My idea was to boycott RCAs for a while to focus on tasks that could cast a wider net for defect elimination and target some of the low-hanging fruit I knew was there. My main sticking point on these is that if you do not know your equipment, you do not have the right parts, and you do not have an effective maintenance program, most RCAs will identify gaps in these three areas.

Then I said to him, “So, knowing this, why not actively identify and fill in these foundational gaps instead of reacting to them?”

He looked at me and said, “Of course, that makes sense, but root cause analysis sounds sexy and not many people know, want to know, or want to admit how big the gaps are.”

So, then the questions become: are they, aren’t they, or is it the maturity of the organization’s processes that determines whether utilizing RCAs can be successful? I believe that, in most organizations, RCAs are an ineffective firefighting exercise that is crushing the will to live of some poor reliability engineer.

If you have read Stephen Covey’s book “The 7 Habits of Highly Effective People,” you will remember that he says to “put first things first” and identifies the 4 quadrants. I have recreated it here, but modified it for the maintenance department. We will use this tool to help answer the question above.

matrix

Please take a moment to review the table above. It should be noted that the firefighter will typically live in quadrants 1 and 3. The procrastinator will prioritize time to quadrant 4, and the proactive person will do what they can to spend their time in quadrant 2. For the purpose of reading the rest of this document, it is important to understand this table and the meaning of each of its 4 quadrants.

In Steve Covey’s book, he states that quadrant two activities effectively reduce quadrant 1 activities. Considering this and adding to it, I would like to lead off with the following observation. It is a fairly obvious statement, but I want to put it here in front of you now.

Proactive work reduces reactive work. Reactive work reduces the time available for proactive work.

Knowing this, we must consciously choose to do proactive activities over reactive ones, or we will spiral into the reactive abyss.  

Root Cause Analysis (RCA)

What is an RCA?

Root cause analysis is a systematic investigation into a failure to identify the underlying cause of the failure. From my experience, most people believe that RCAs will always lead to an apparent root cause, but in practice, they often do not. The best we may be able to do is to identify some probable cause(s) for the failure that can be addressed.

This is why it is vitally important, as part of any RCA, to include a follow-up at some future point to confirm that whatever actions were taken met the defined objective.

In conducting RCA, we must be very careful to ensure that we fully understand the actions that result from them and that they are both appropriate and achievable with the staff and resources we have access to. What I mean by this is:

  • We do not want to recommend a million-dollar fix to a five-dollar problem (inappropriate).
  • Clearly define the scope of the assigned tasks. Get into the details – poorly defined tasks often turn out to be bigger than expected, making them unachievable.

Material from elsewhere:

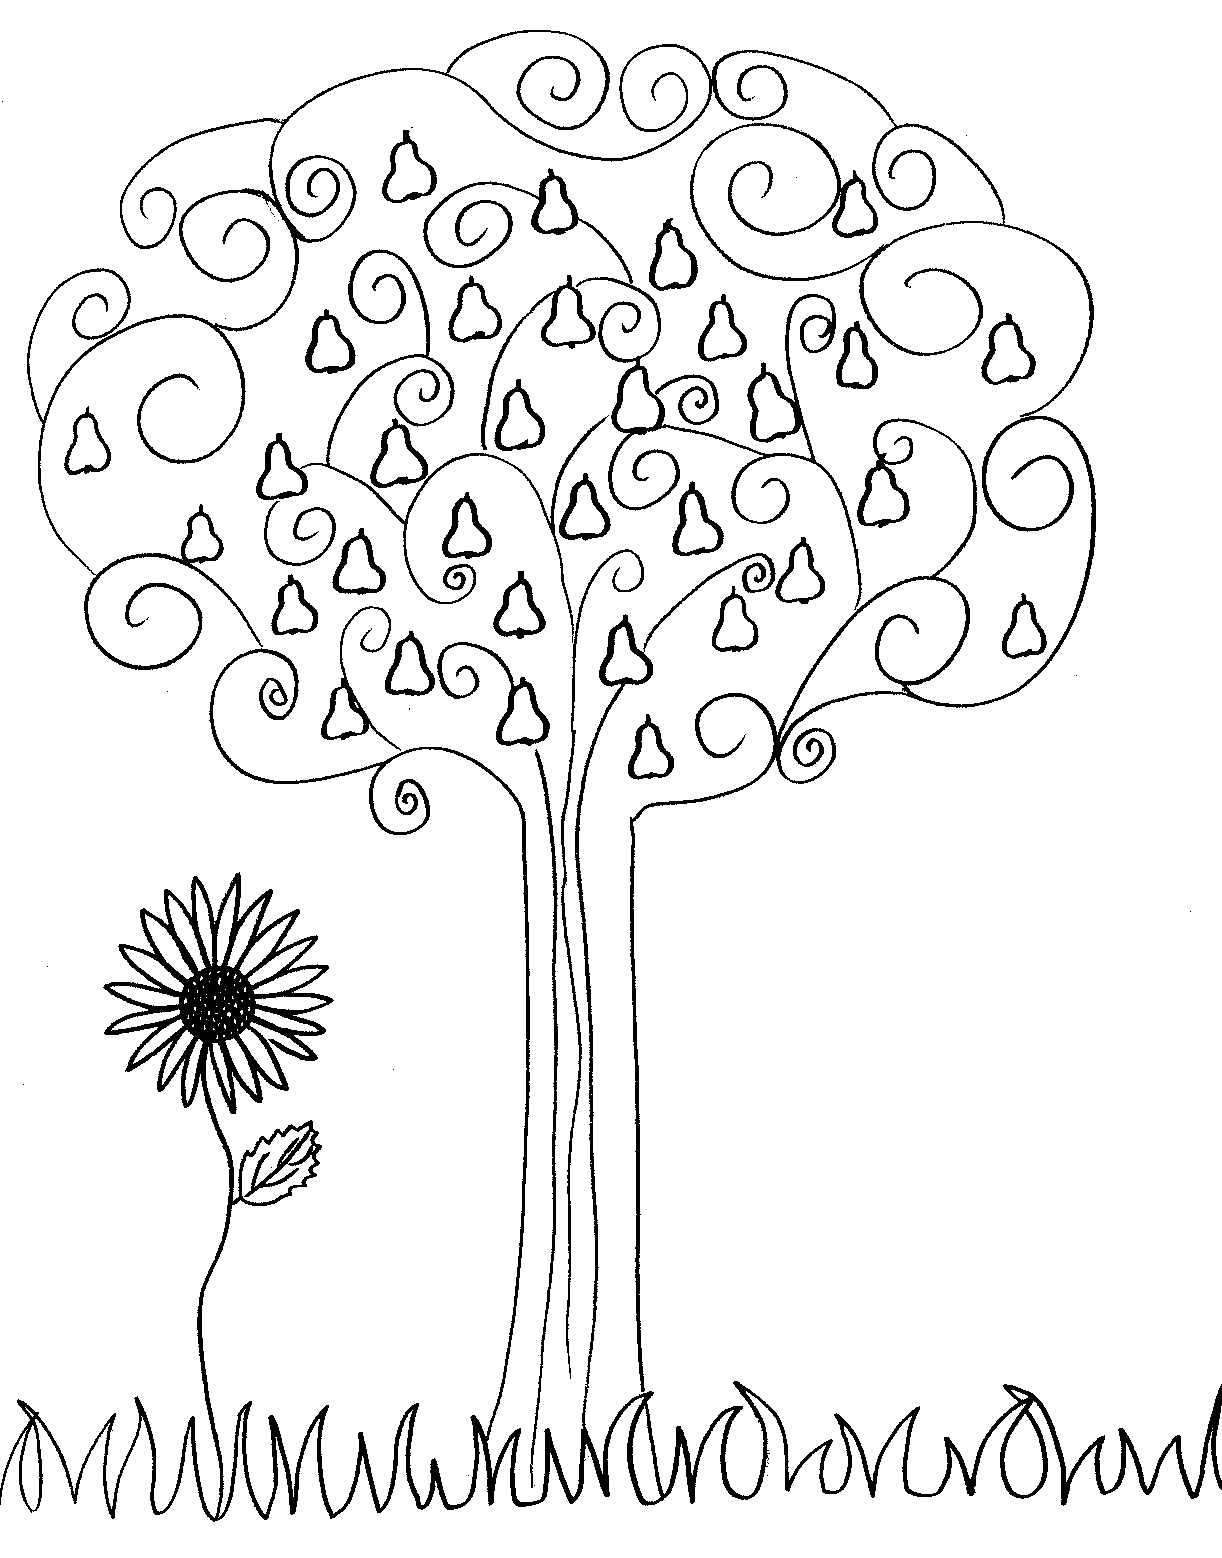 Dibujo sencillo de un árbol y una flor

This can very easily happen in the boardroom when tasks are being identified. Most of them will be written as a one-liner on the whiteboard, and everyone at the time will agree that that is what needs to be done. This is where the conversation will stop.

It will not define the objectives that must be met to determine when the task has been completed, nor will it specify the expected labor input to meet those objectives, thereby ensuring adequate resource allocation. This lack of insight will lead to a growing task backlog and eventually to the tasks failing to get completed, rendering the RCA a waste of time.

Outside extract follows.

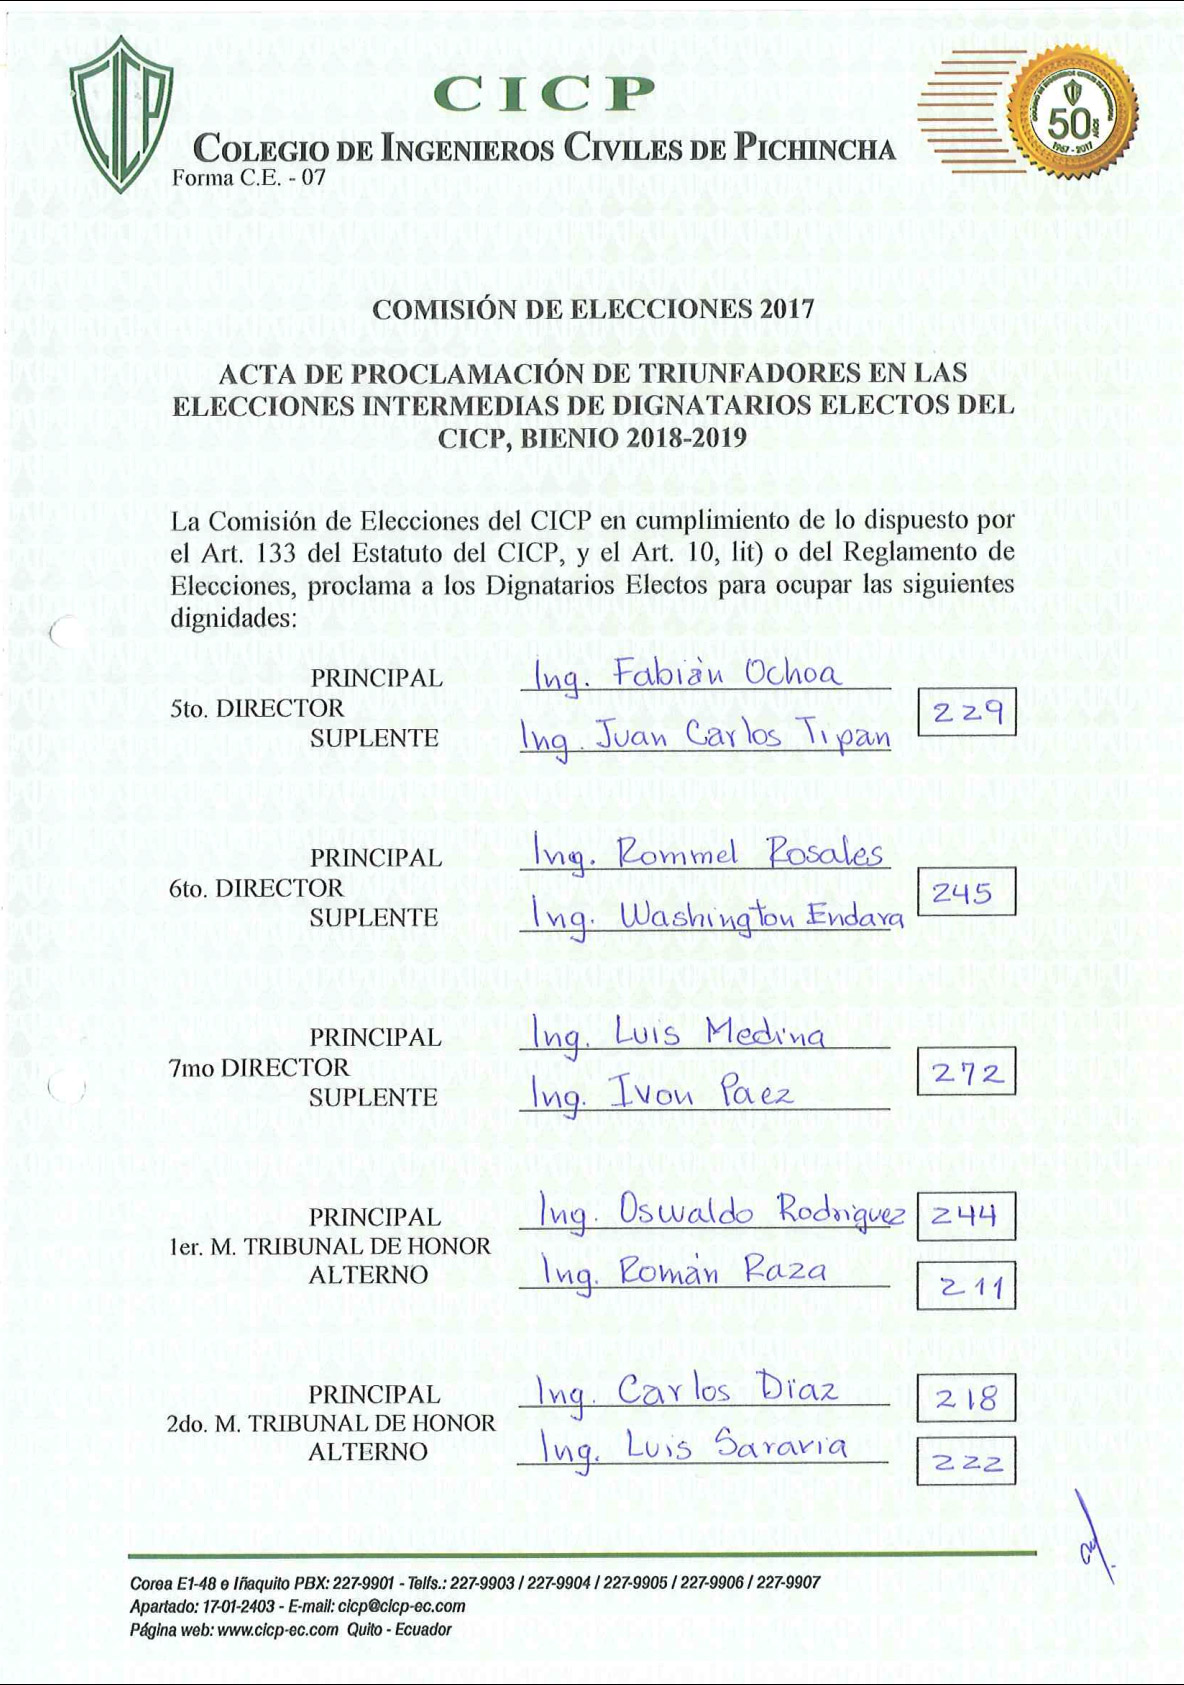 Acta de Proclamación de Triunfadores en las Elecciones Intermedias

People often believe that the actions that result from an RCA should eliminate the failure from recurring in the future. This can, in most instances, be a fool’s errand, and should more relevantly seek to reduce the probability of occurrence to some predefined acceptable level, i.e., to 1 in 5 years opposed to 1 in 1 year, and/or to mitigate the consequence when it does occur i.e., 1 hour of production loss opposed to 12 hours of production loss. Realizing this will produce better task definitions and more attainable outcomes.  

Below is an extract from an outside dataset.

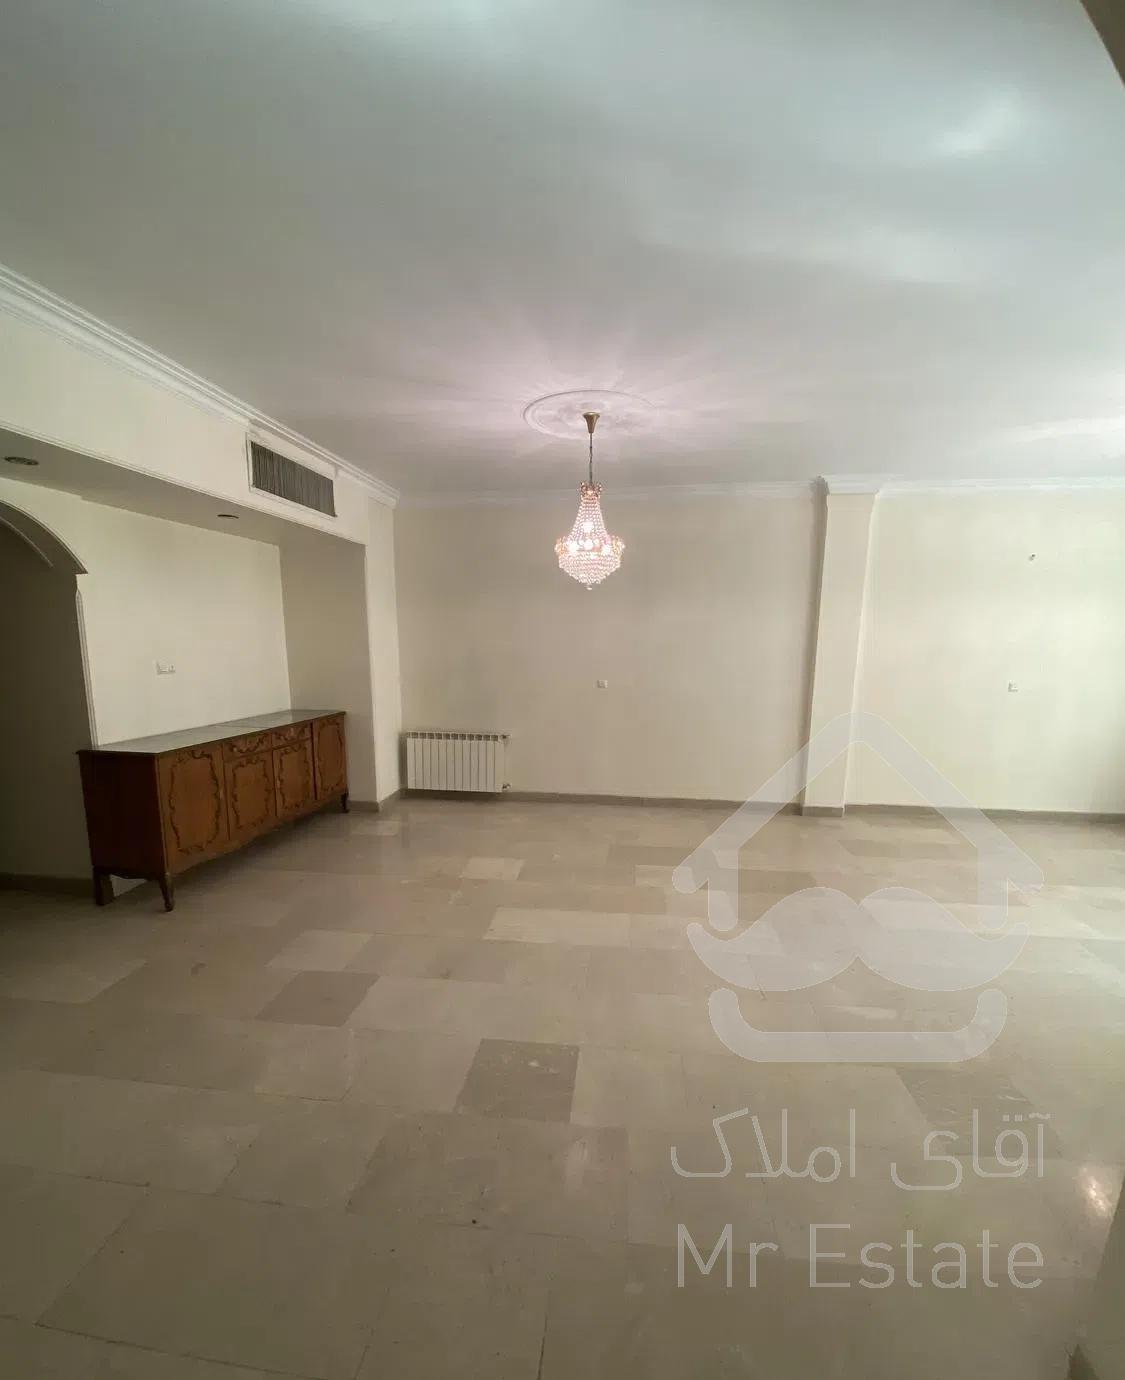 فروش آپارتمان ۱۰۵ متری خواجه عبدالله

What drives the decision to start an RCA?

The above all seems great, so long as we can avoid the fool’s errand, we take the time to ensure the task objectives are well defined, and the labor component is well understood, so we can assign the appropriate resources; we should have a successful RCA, right?

To answer this, we need to understand three things:

  1. What quadrant(s) are RCAs generated from?
  2. What quadrant do the RCA tasks fall into?
  3. What quadrant is our maintenance organization primarily working from?

What quadrants are RCAs generated from?

From my experience, RCAs are typically the outcome of quadrant 1 or quadrant 3 activities. An unexpected failure that leads to unacceptable downtime and production losses, a safety incident, or a flavor-of-the-day issue. Some of this is fine. No matter how good your organization is, you are always going to have quadrant 1 and 3 activities.

However, if RCAs are to effectively reduce quadrant 1 activities, they can not be primarily generated from them, as Steve Covey explained; quadrant 2 activities are what effectively reduce your quadrant 1 activities.

What quadrant(s) do RCA tasks fall into?

So, what quadrant do our RCA tasks fall into? Well… if we have done an excellent job in identifying the tasks, they will fall primarily in quadrant 2, and some may be things that need to get done immediately, which will fall into quadrant 1.

If we have not done a good job completing the RCA, we may find some tasks fall in quadrants 3 and 4; however, if we get lucky, they may fall in quadrants 1 and 2.

Does anyone really want to rely on luck when assigning valuable resources?

This can happen relatively quickly if we overwhelm our available resources in RCAs and they are not investigated thoroughly enough (hence my earlier comment about the poor reliability engineer who wanted to end their life). It is important to note that if this happens, you are now effectively utilizing what resources you have, figuratively speaking, to put a load of lipstick on the pig.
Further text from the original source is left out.